Unlike squirrels, who create massive mounds of spruce cones for munching later, chickadees "scatter hoard," Sharbaugh said. Chickadees leave thousands of seeds cached throughout the half-mile range in which they spend their entire life. Later in the winter, perhaps when a bird feeder runs out of sunflower seeds, chickadees are somehow able to find the seeds they cached months earlier.

"These guys have a fantastic memory," Deviche said.

Studies of chickadee brains reveal that the volume of the hippocampus, an area of the brain linked with memory, varies with the season. In fall, when a chickadee is hiding food, thehippocampus expands. In the spring, when there's no more need to find cached food, it contracts, Deviche said.

In addition to brains that bulge with the season, chickadees physically adjust to a cold climate in many ways. In fall, they begin shivering. Although it's not visible at the bird feeder, chickadees' chest muscles, called the pectoralis, repeatedly flex to generate heat. That heat is contained by the air trapped within a chickadee's downy coat.
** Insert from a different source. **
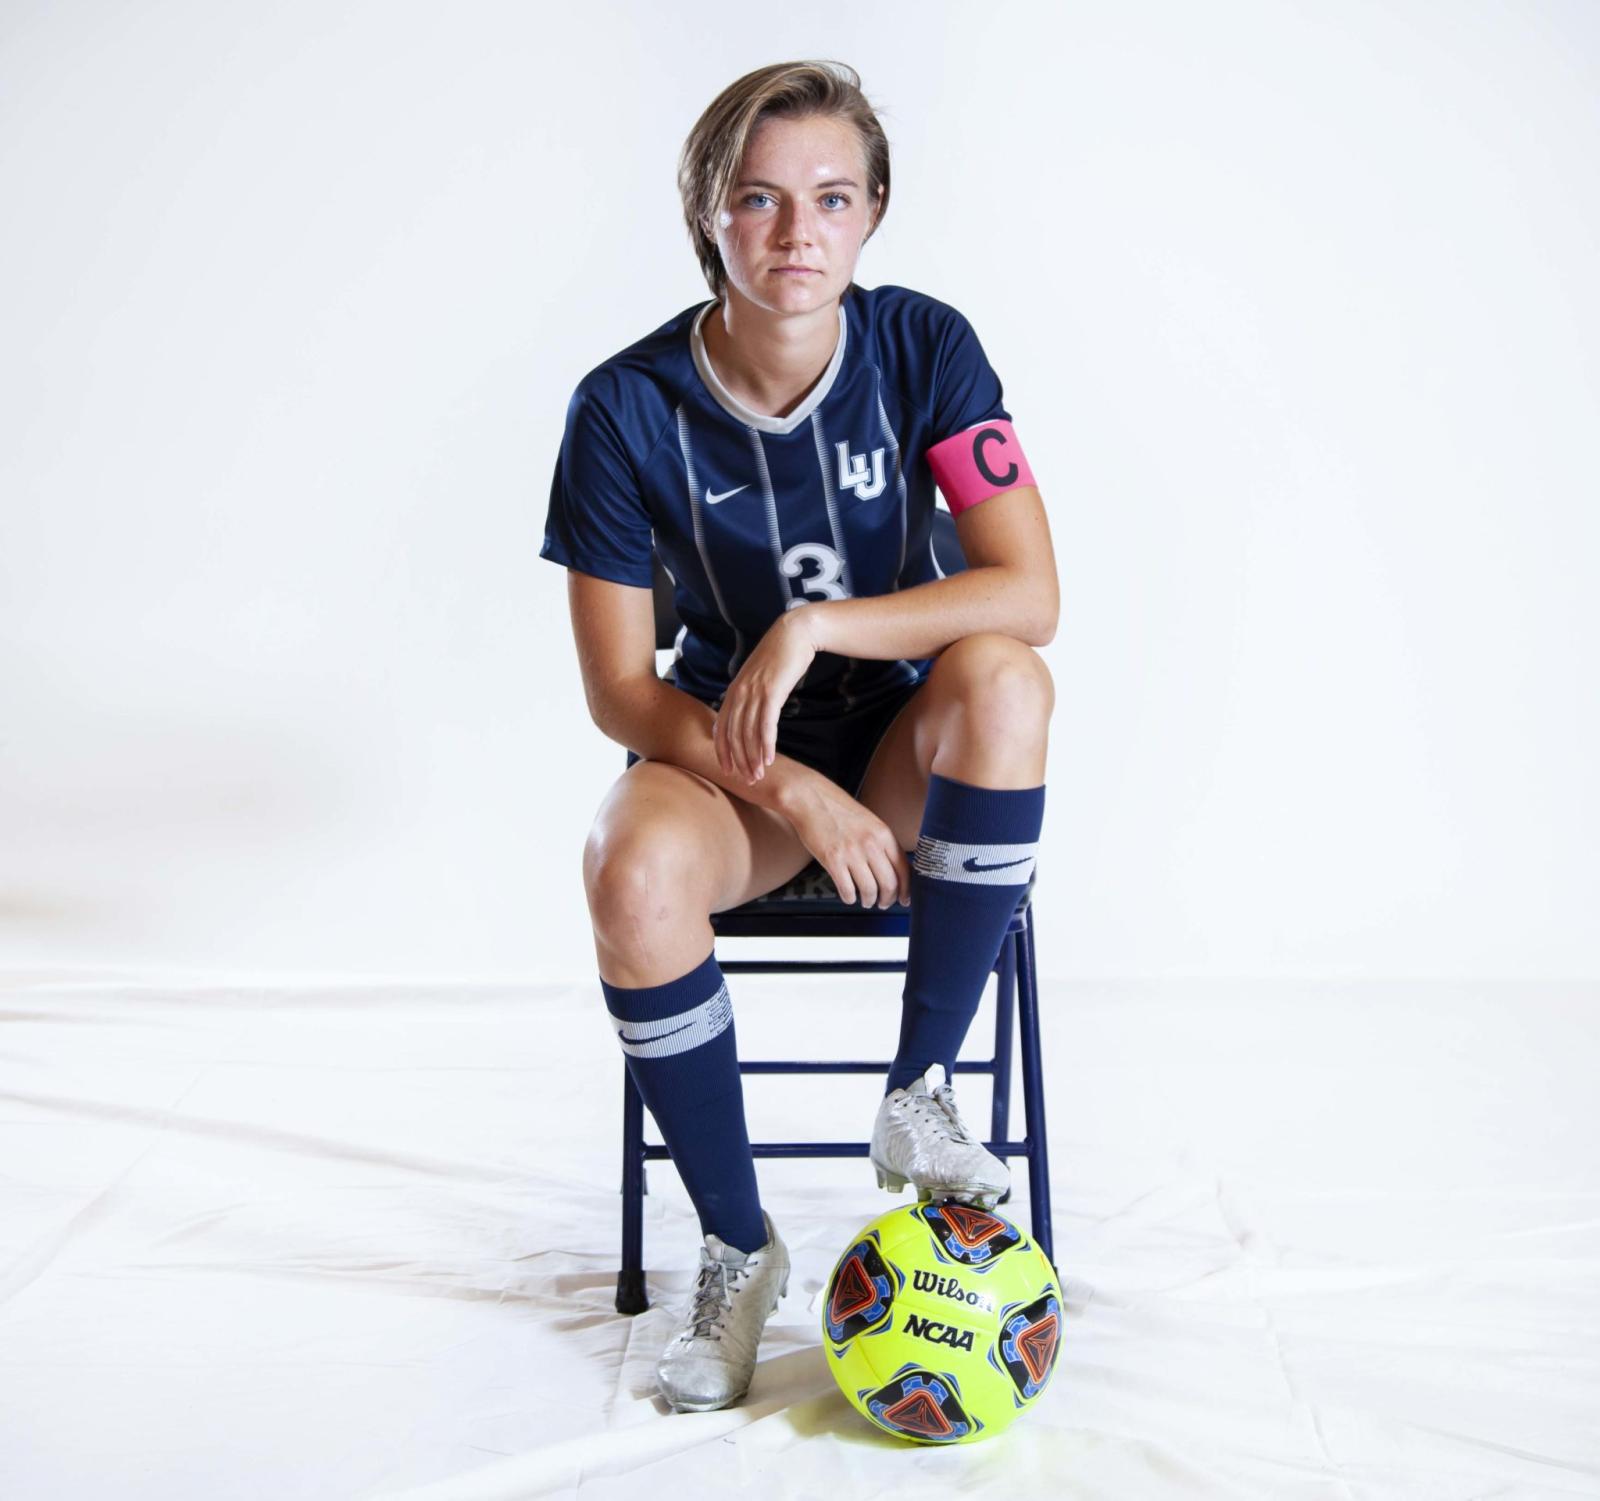 Soccer player Ellie Younger poses on a chair while holding a soccer ball under one foot.

A chickadee's feathers are amazingly efficient. Sharbaugh said when it's 40 below Fahrenheit outside, a chickadee's feathers rise to create an inch-thick coat that provides a halo of warmth. The difference in temperature of the chickadee's body core and the environment an inch away is 148 degrees. Try standing outside at 40 below in an inch-thick coat. Brrr.
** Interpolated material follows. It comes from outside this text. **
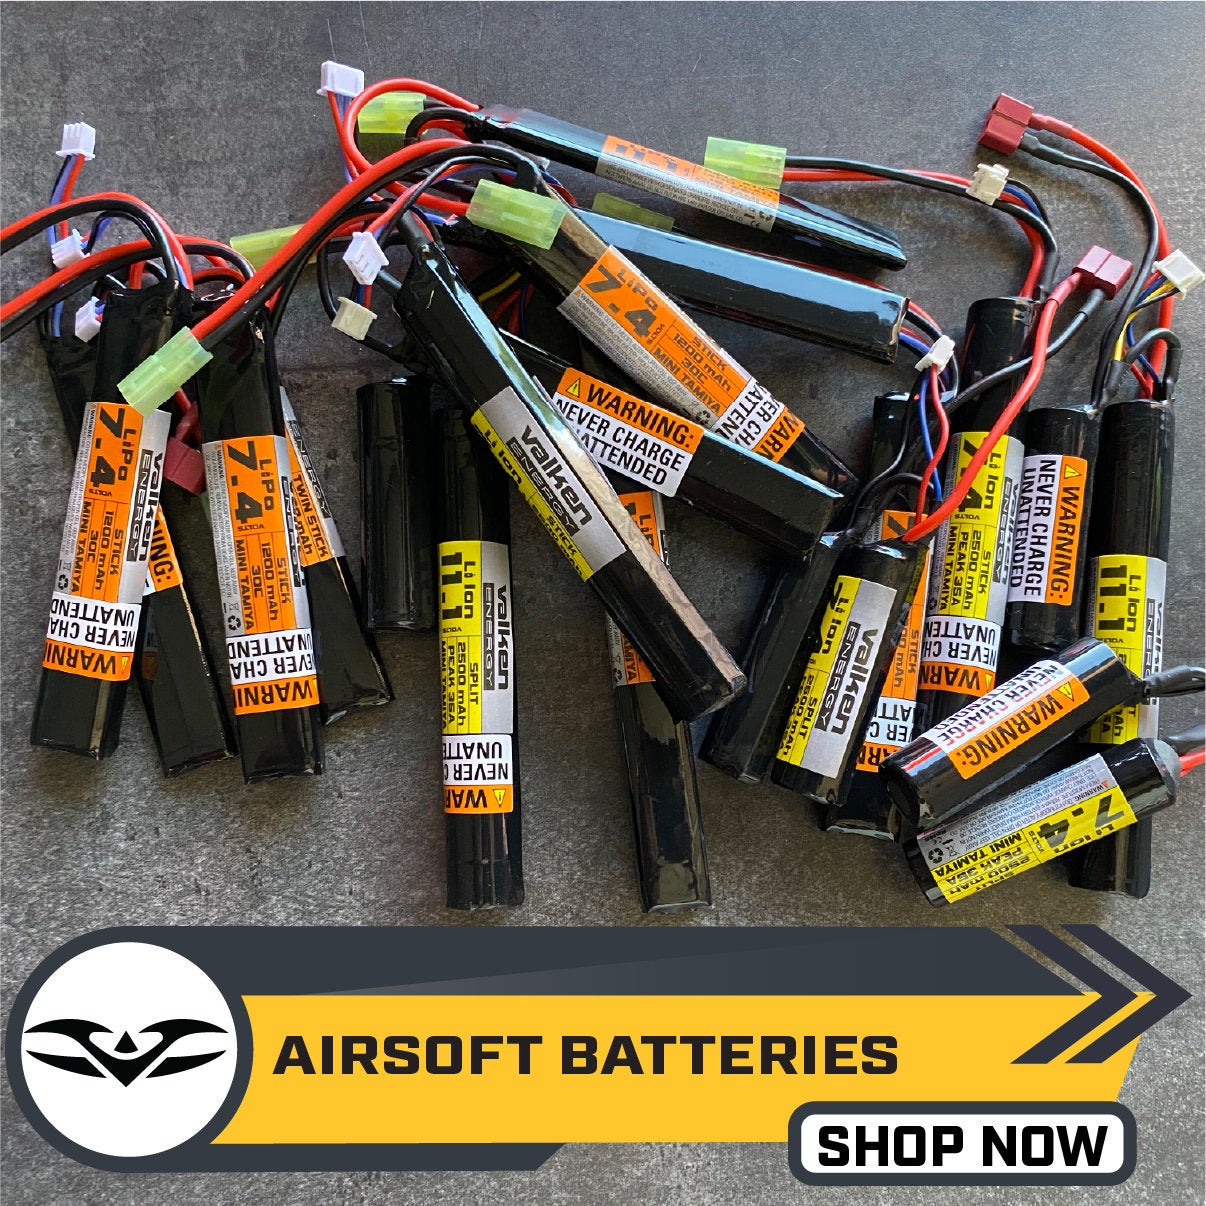 Gunfire Blog  What should you know about LiPo batteries for airsoft  replicas?

Unlike common redpolls, one of the other tiny species of songbirds that winters in Alaska, chickadees don't have an internal bag for storing food, called a crop. Instead, chickadees must eat small meals, digest them, then eat again. Because they only feed in daylight, their window of opportunity is woefully small in winter.

To compensate, they eat as much as they can, adding fat each day that amounts to 10 percent of their body weight and burning it at night. This is like a 150-pound person eating enough to weigh 165 by day's end, then using enough energy at night to be back to 150 by the morning.

"It's a huge physiological feat," Sharbaugh said.

Where Alaska chickadees spend the night is a mystery, but Deviche and Sharbaugh believe they ball themselves up in a crevice or cavity by themselves or perhaps roost in spruce branches. Once they settle in for the night, chickadees turn down their internal thermostats to save energy, Sharbaugh says.

From a normal body temperature of about 108 degrees, chickadees cool down to about 90 degrees when roosting. Despite the energy savings of this method, Deviche says in winter it's almost impossible to find a fat chickadee in the early morning.

Researchers notice a difference in chickadee behavior during cold snaps; the usually social birds apparently ignore each other and focus solely on filling up.

Seems as though chickadees have a few traits in common with we humans, another organism that arguably wasn't built to survive an arctic winter.